→ **Exercise**:
Omit every picture, and retype the lines that run from the beginning of the data below through the line containing "animal head wall decor Union", inclusive.

→ **Exercise data**:
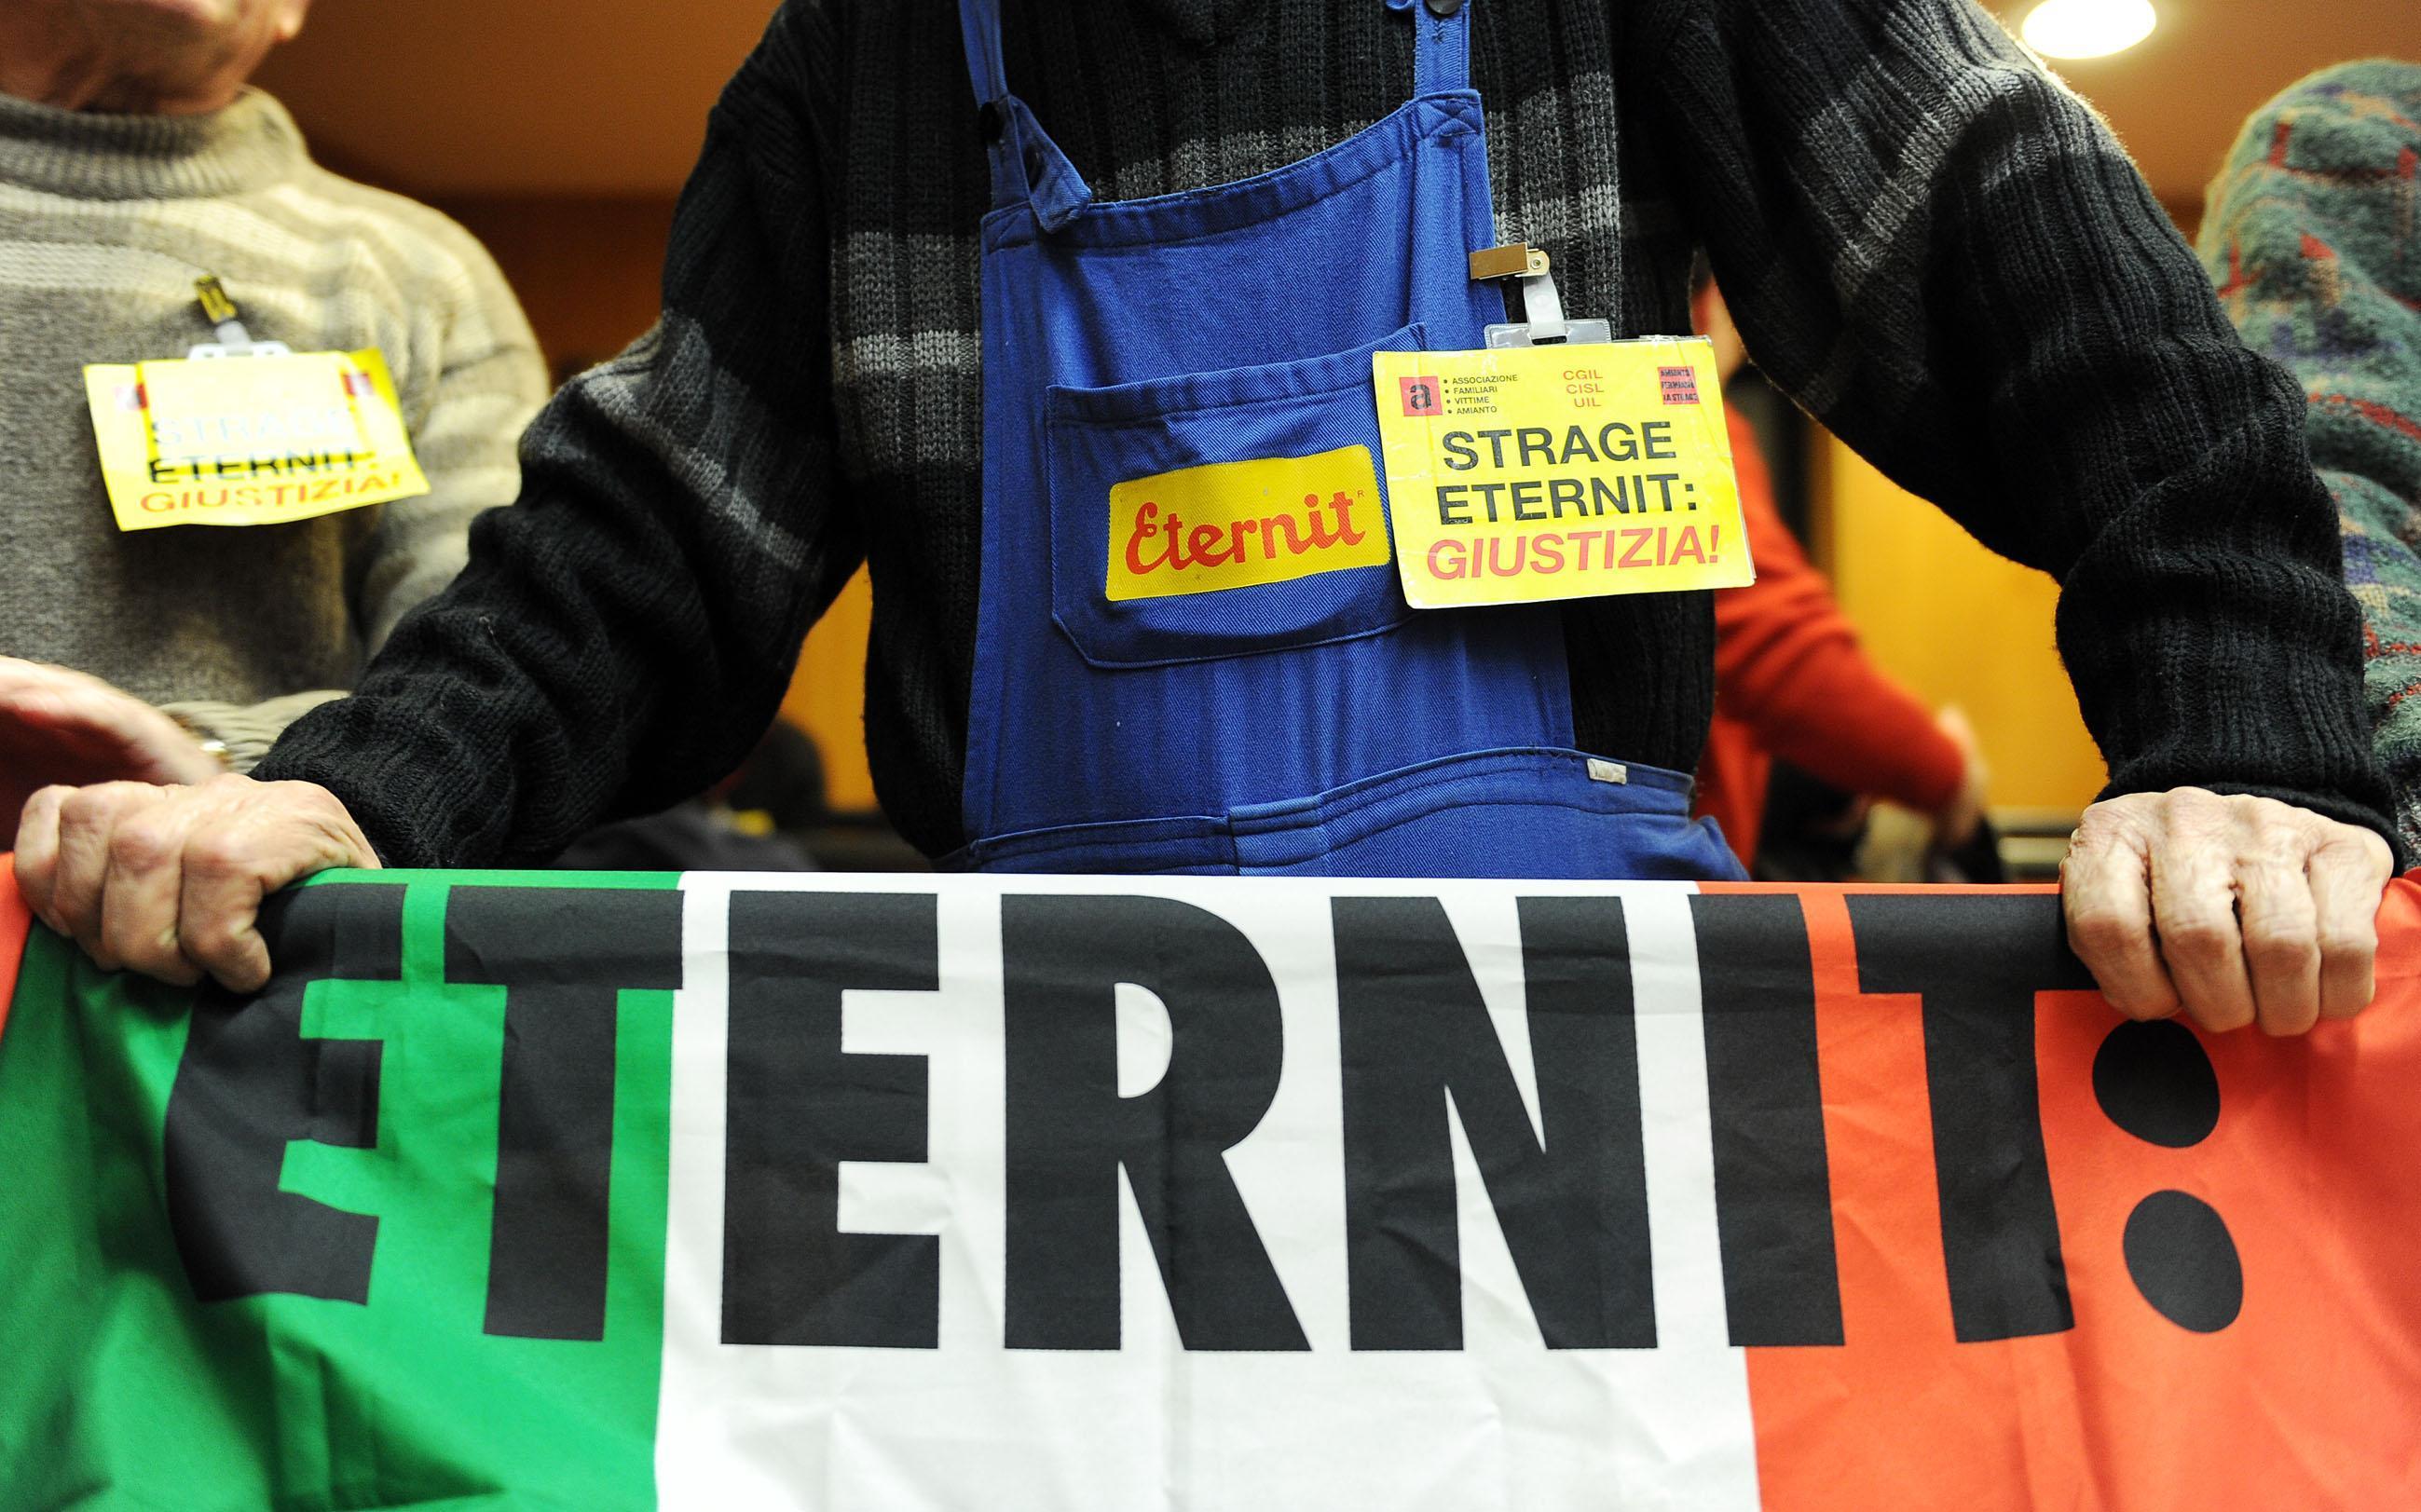 Eternit: Cassazione, i processi restano spacchettati
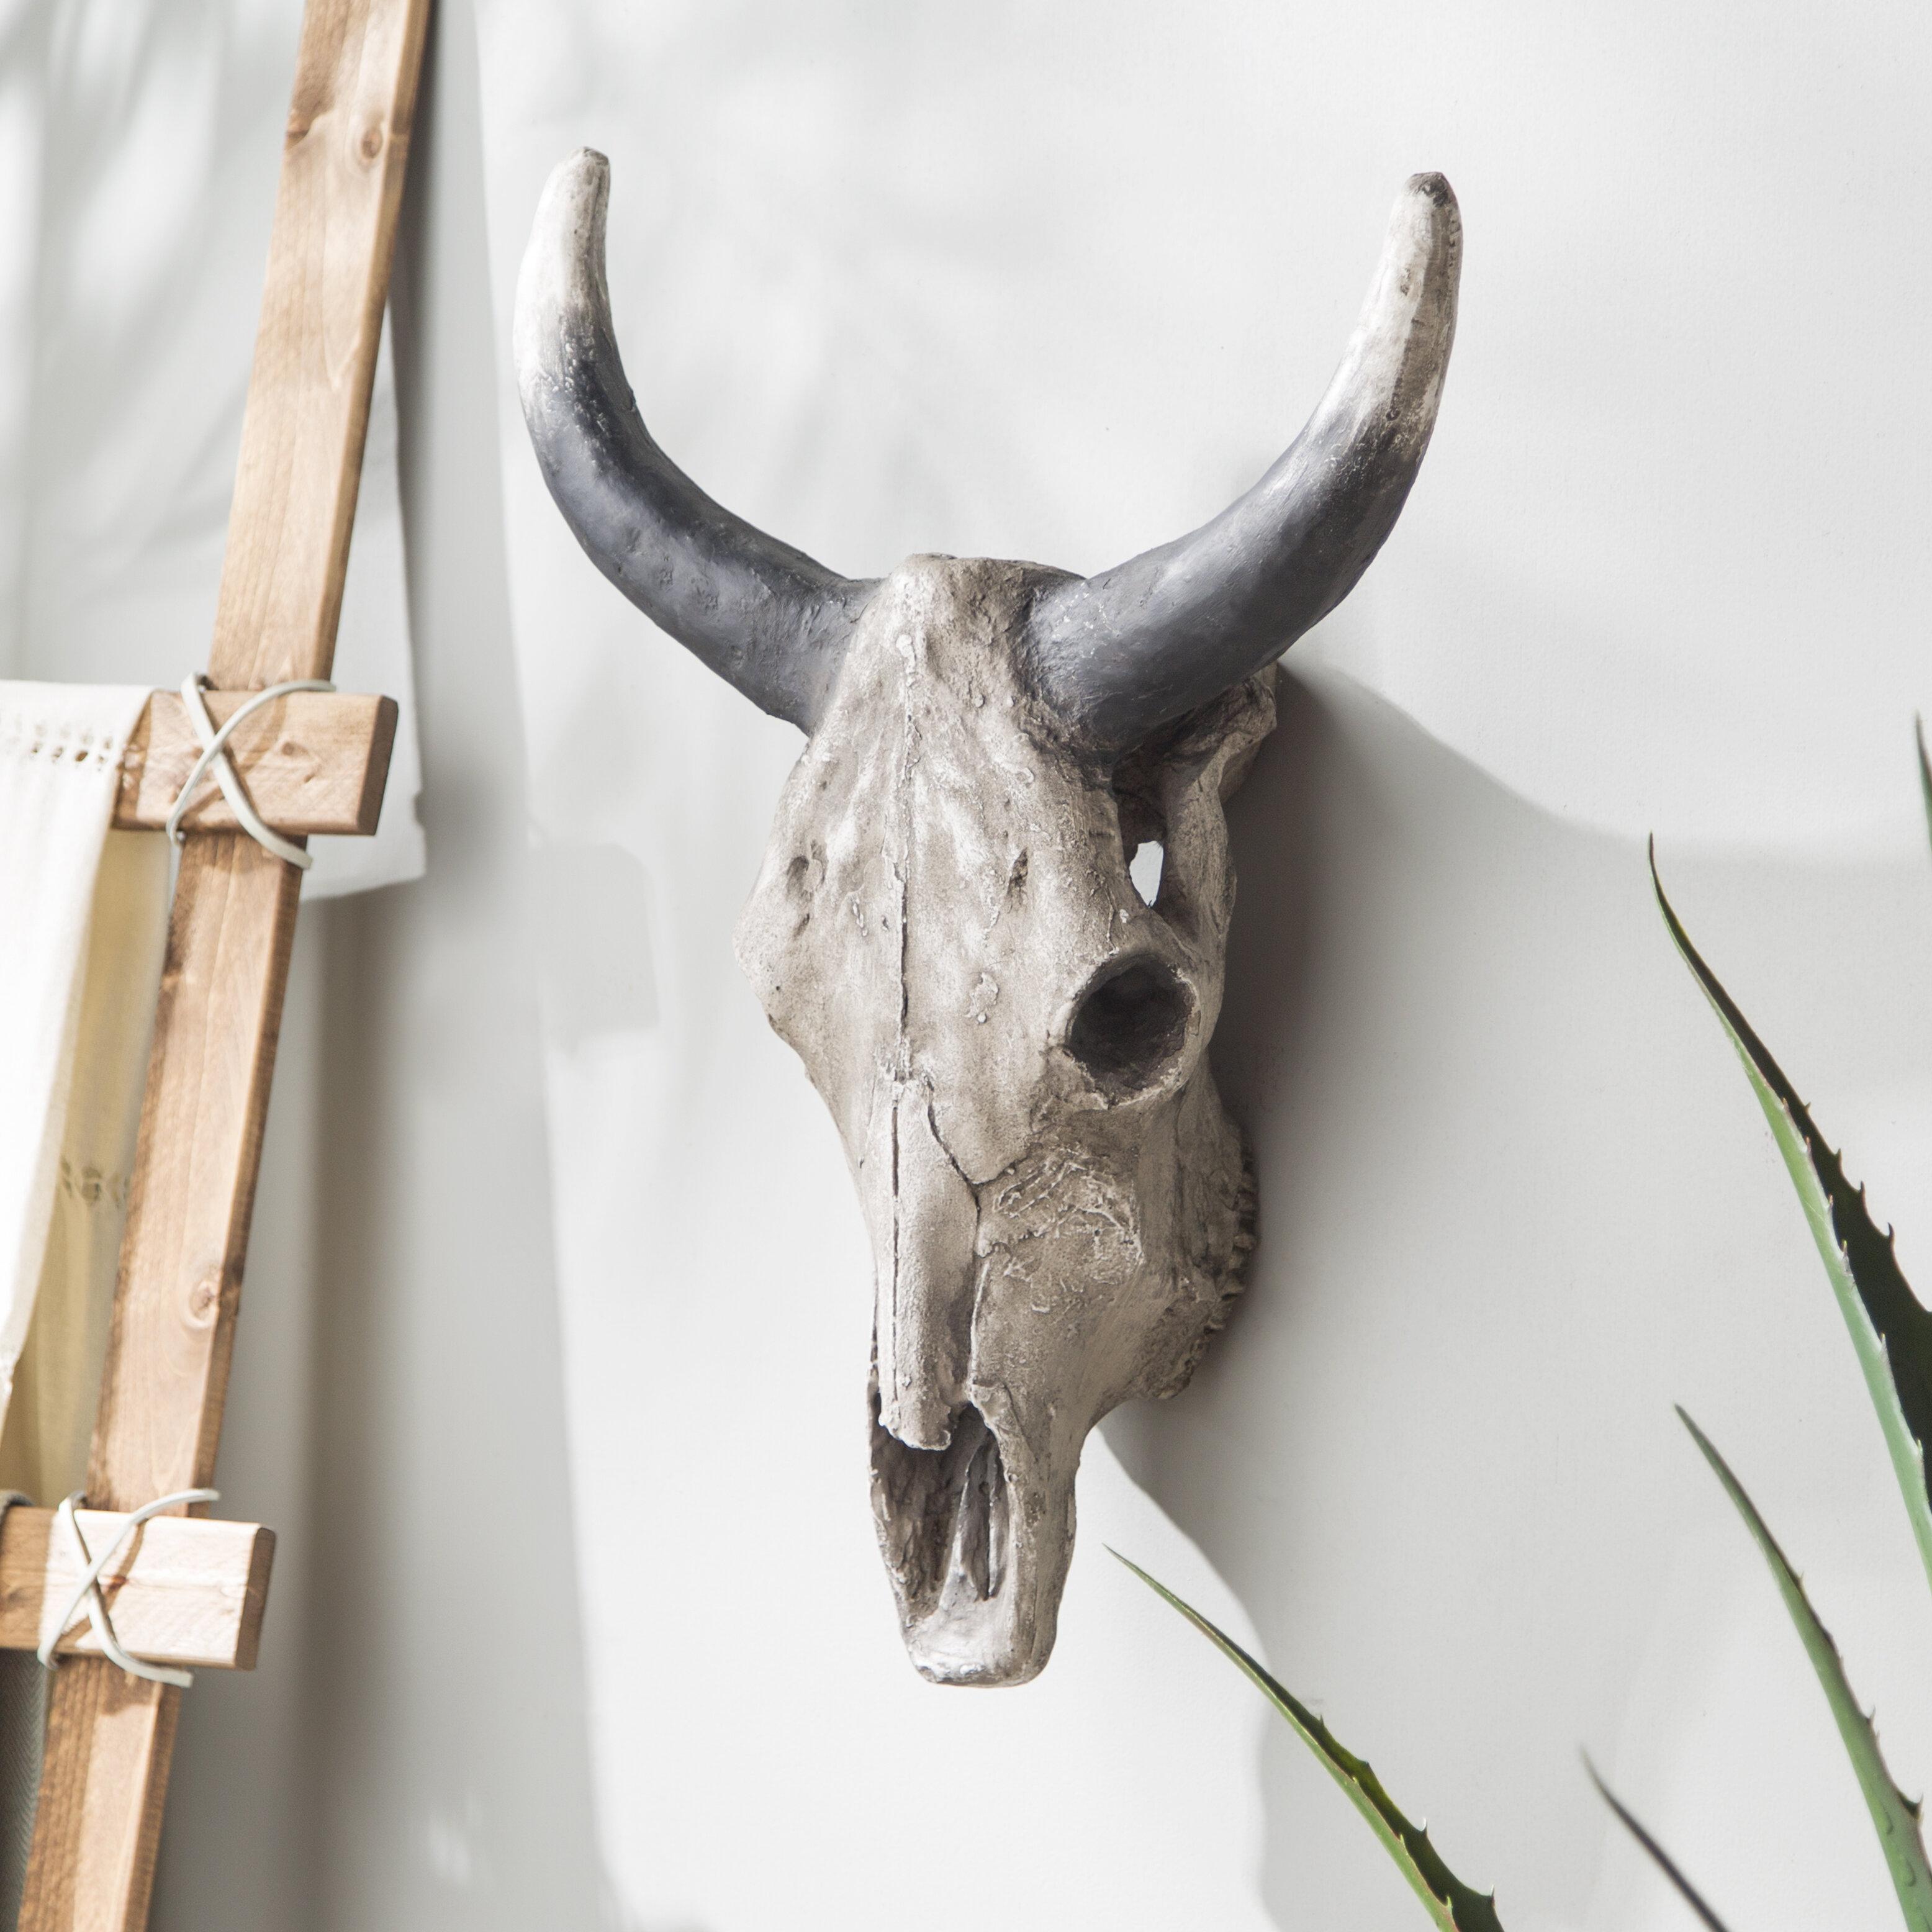 animal head wall decor Union Rustic Polyresin Animal Head Wall Décor & Reviews | Wayfair animal head wall decor
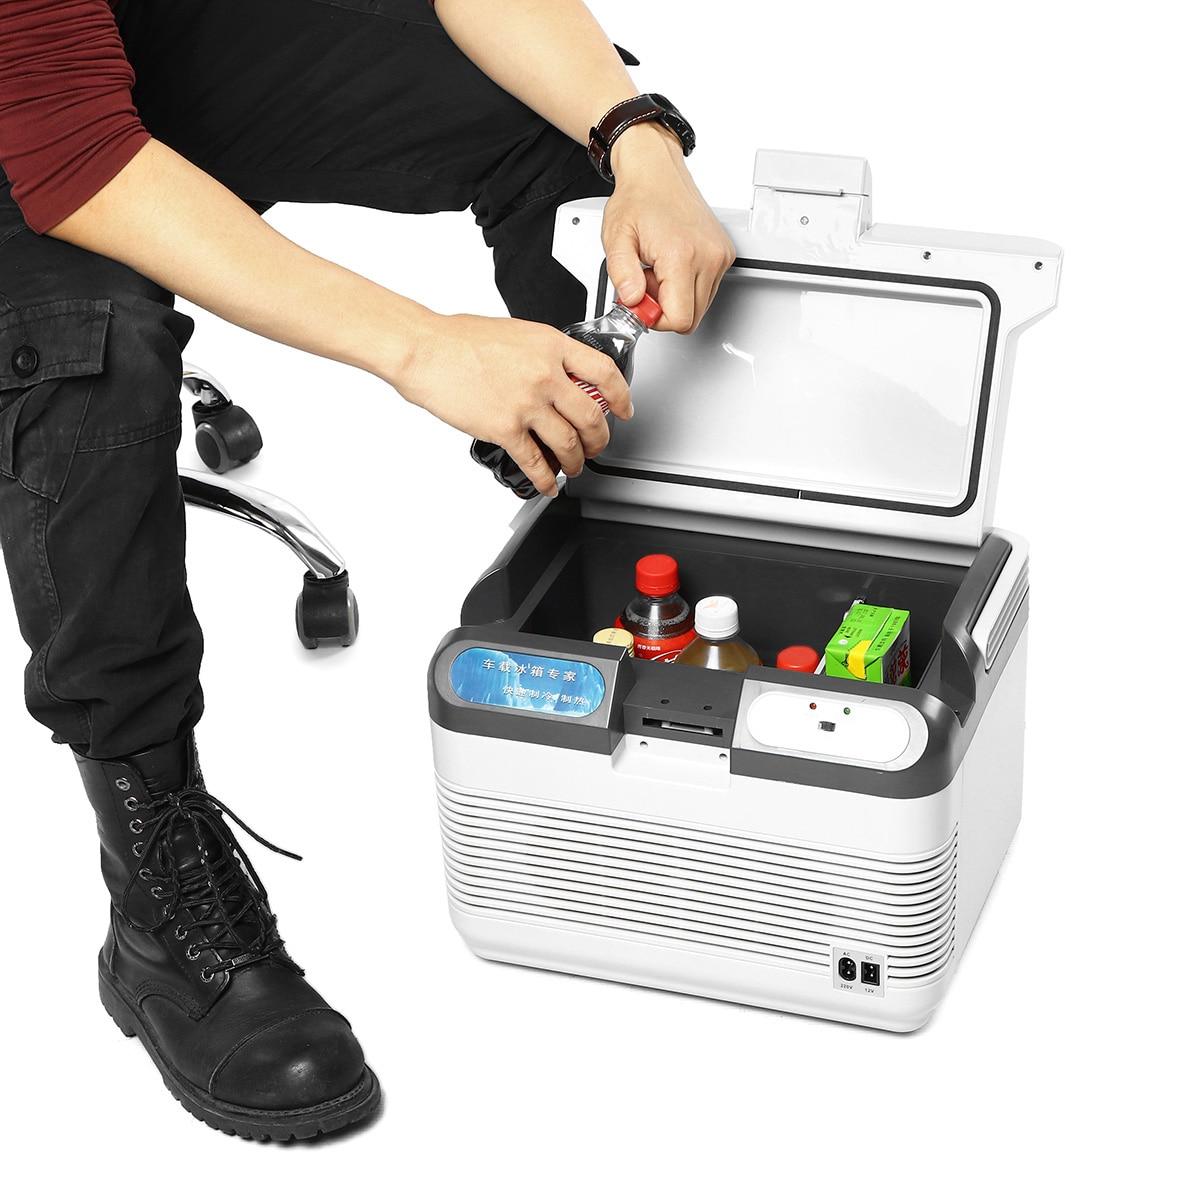 12L Refrigerator Dual-Use Home Car Refrigerators Mini Freezer 12V 60W Portable Ultra Quiet Cooling Heating Box Fridge For Travel

→ **Exercise answer**:
 Eternit: Cassazione, i processi restano spacchettati
 animal head wall decor Union Rustic Polyresin Animal Head Wall Décor & Reviews | Wayfair animal head wall decor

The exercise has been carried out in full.